Take the line that contains "L'Espagne dans votre" and each one after it through the last line below, and retype them exactly. Leave out the pictures.

__INFORMATION SUPPLIED__:
▬▬▬
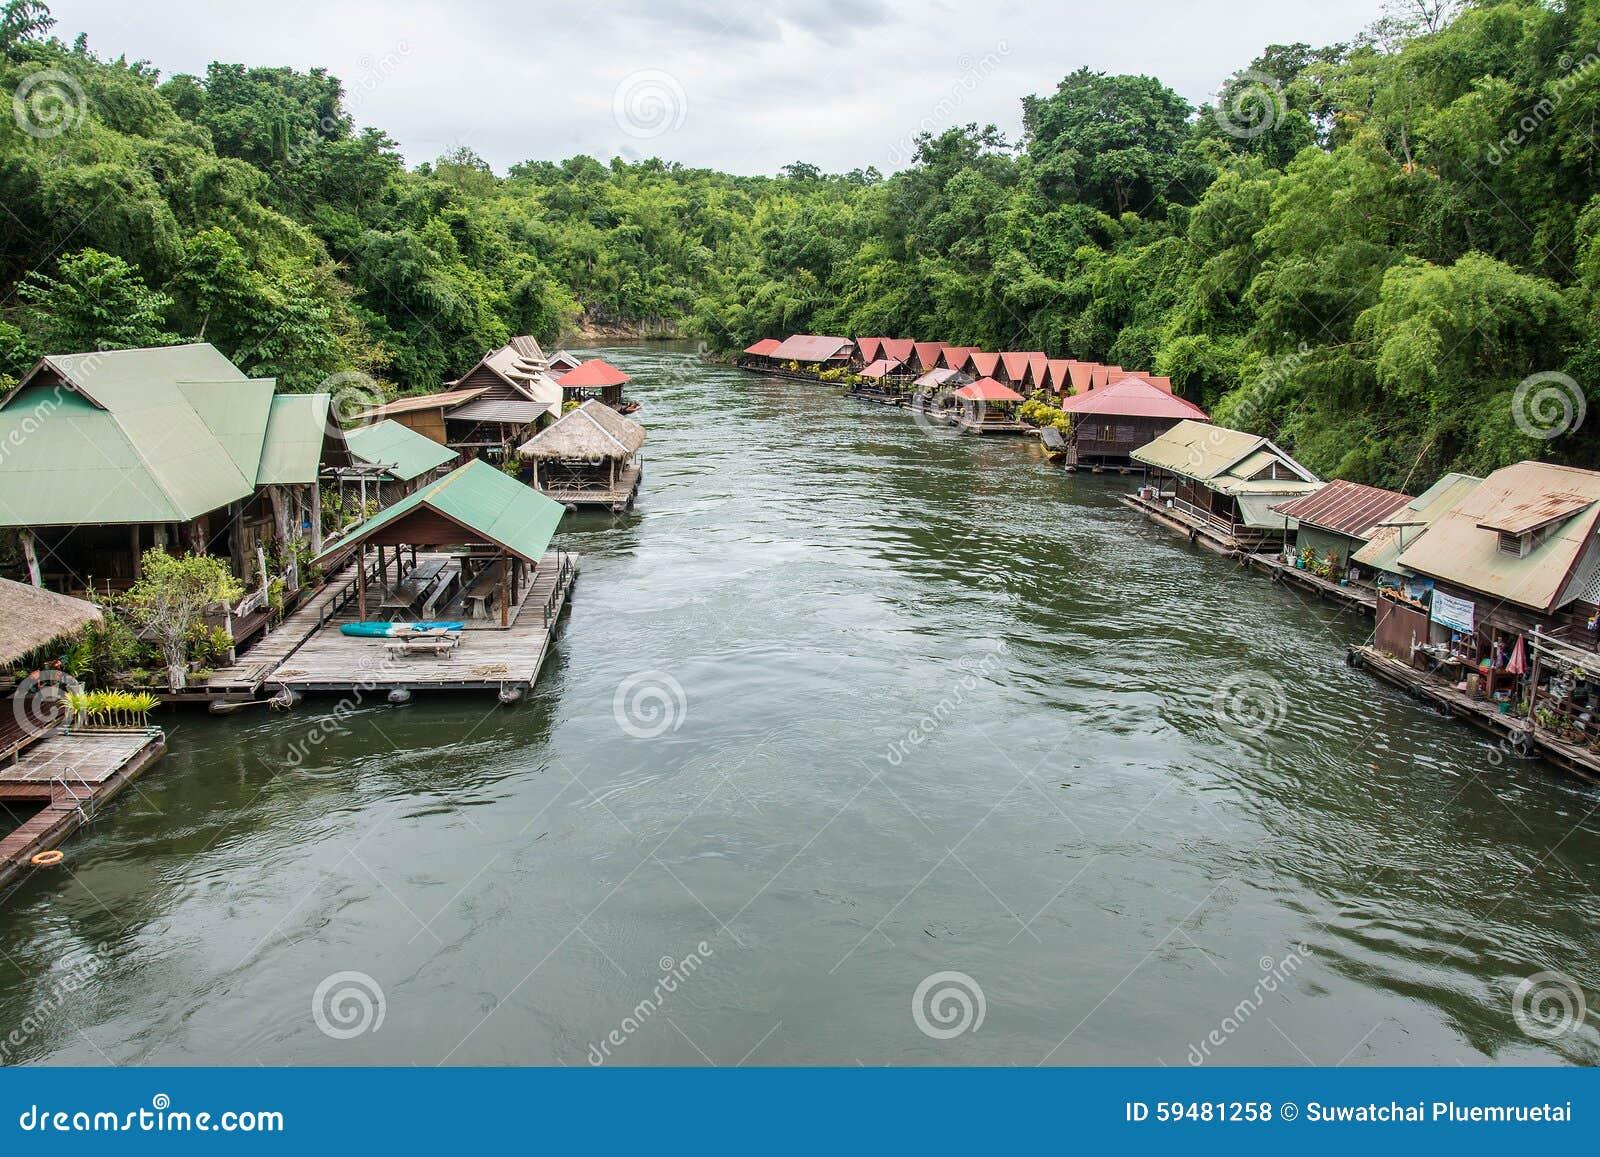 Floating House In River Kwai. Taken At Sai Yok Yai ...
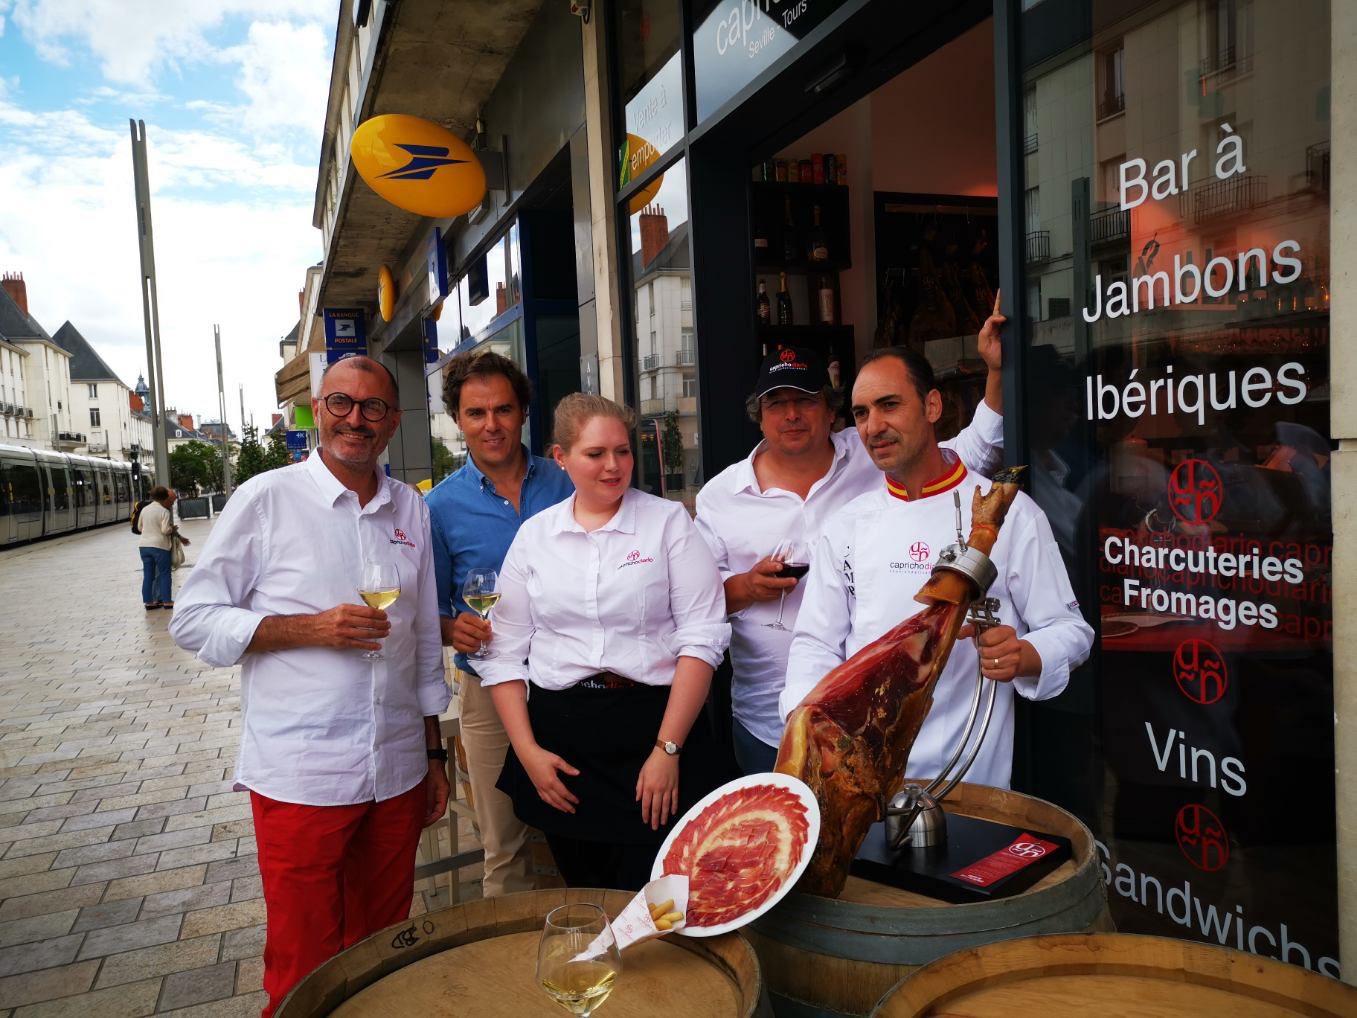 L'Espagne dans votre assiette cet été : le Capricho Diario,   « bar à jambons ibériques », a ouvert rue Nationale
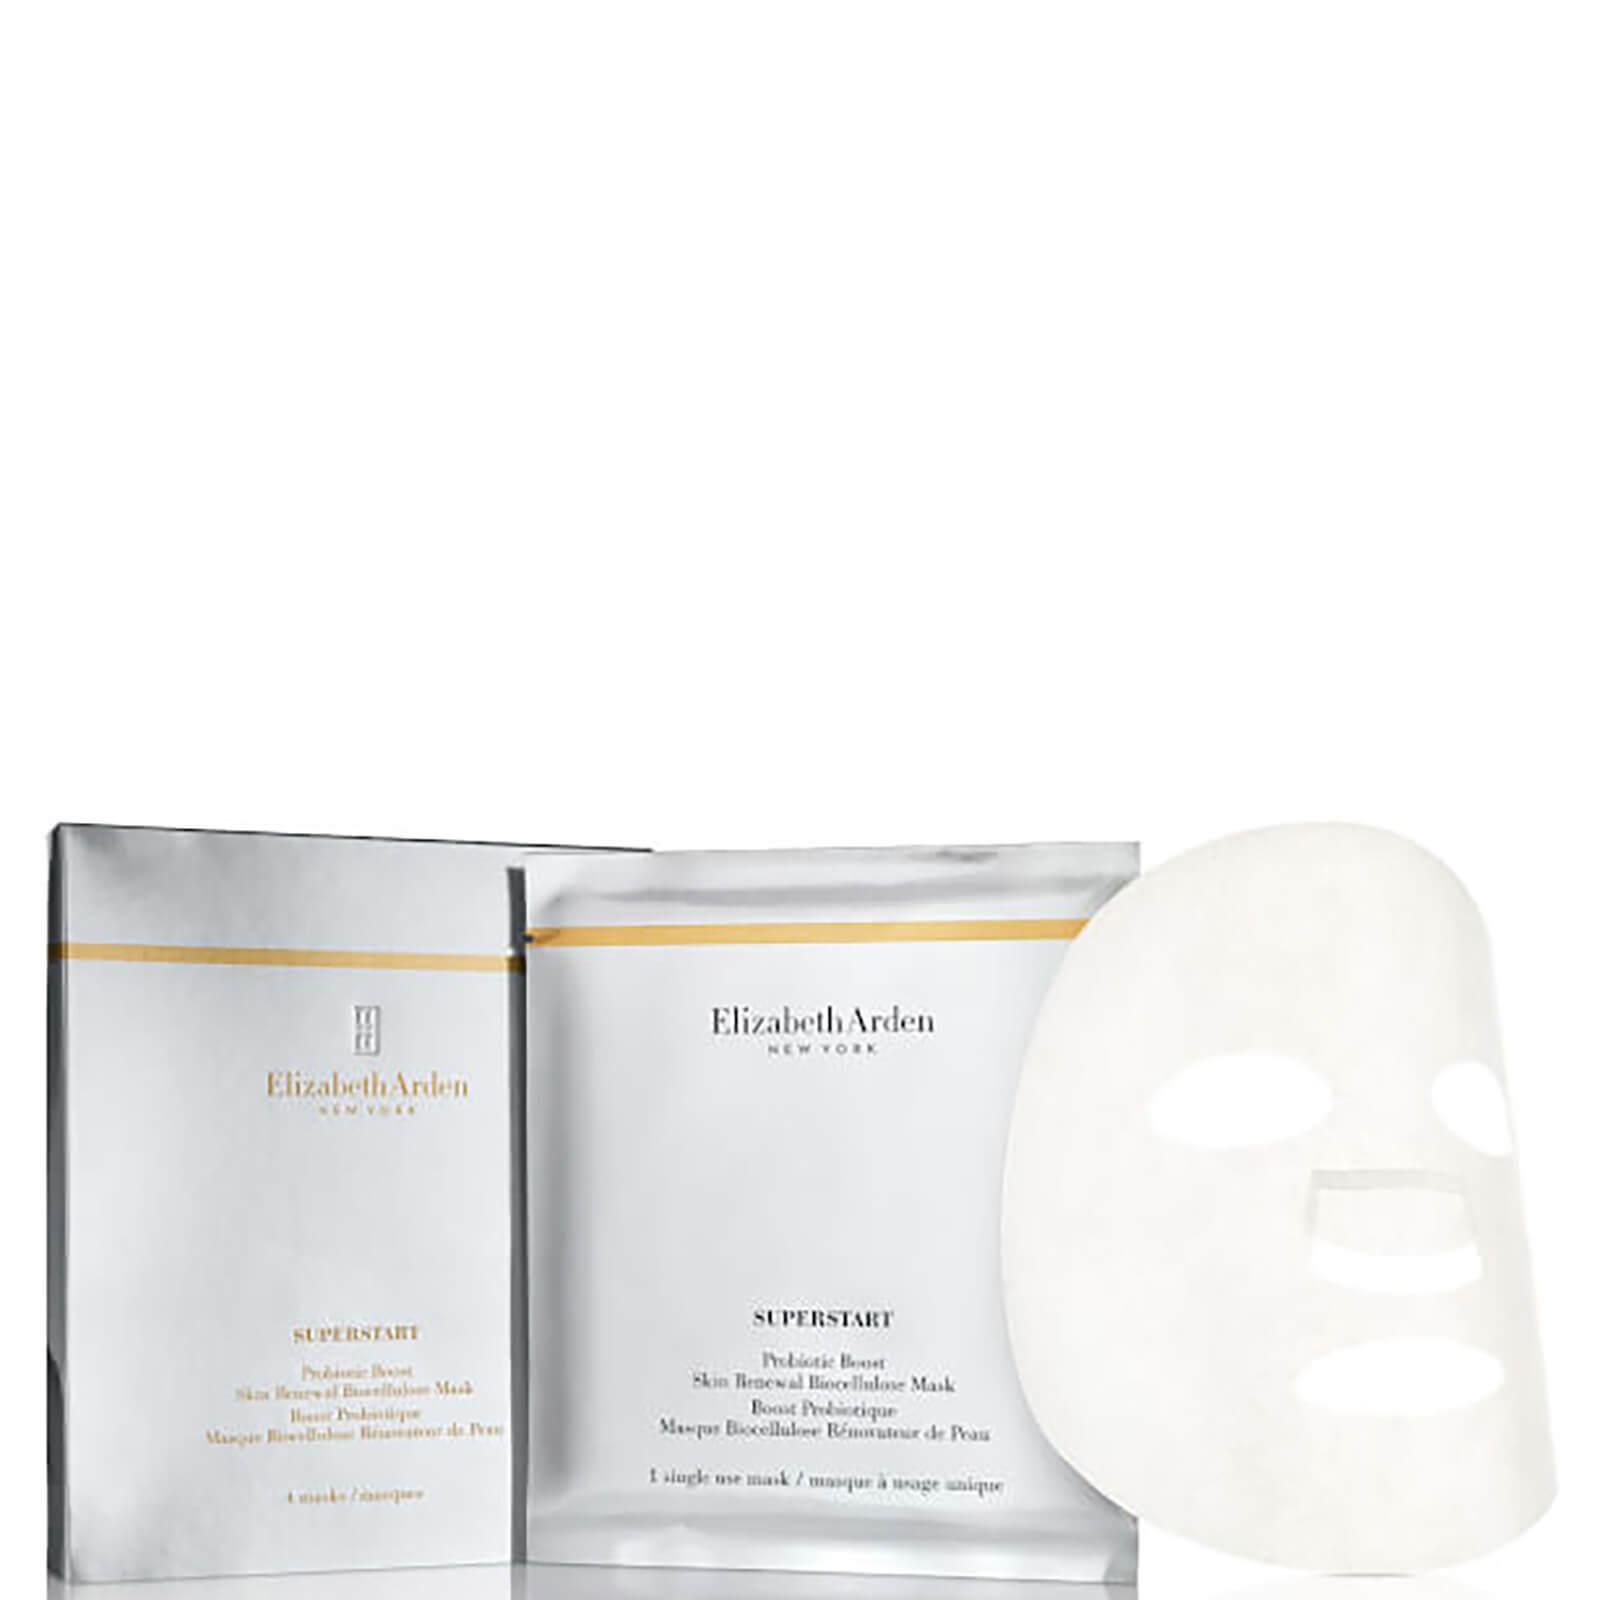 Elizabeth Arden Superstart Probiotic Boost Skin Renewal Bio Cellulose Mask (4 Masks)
▬▬▬
__SOLUTION FOR THIS EXERCISE__:
 L'Espagne dans votre assiette cet été : le Capricho Diario,   « bar à jambons ibériques », a ouvert rue Nationale
 Elizabeth Arden Superstart Probiotic Boost Skin Renewal Bio Cellulose Mask (4 Masks)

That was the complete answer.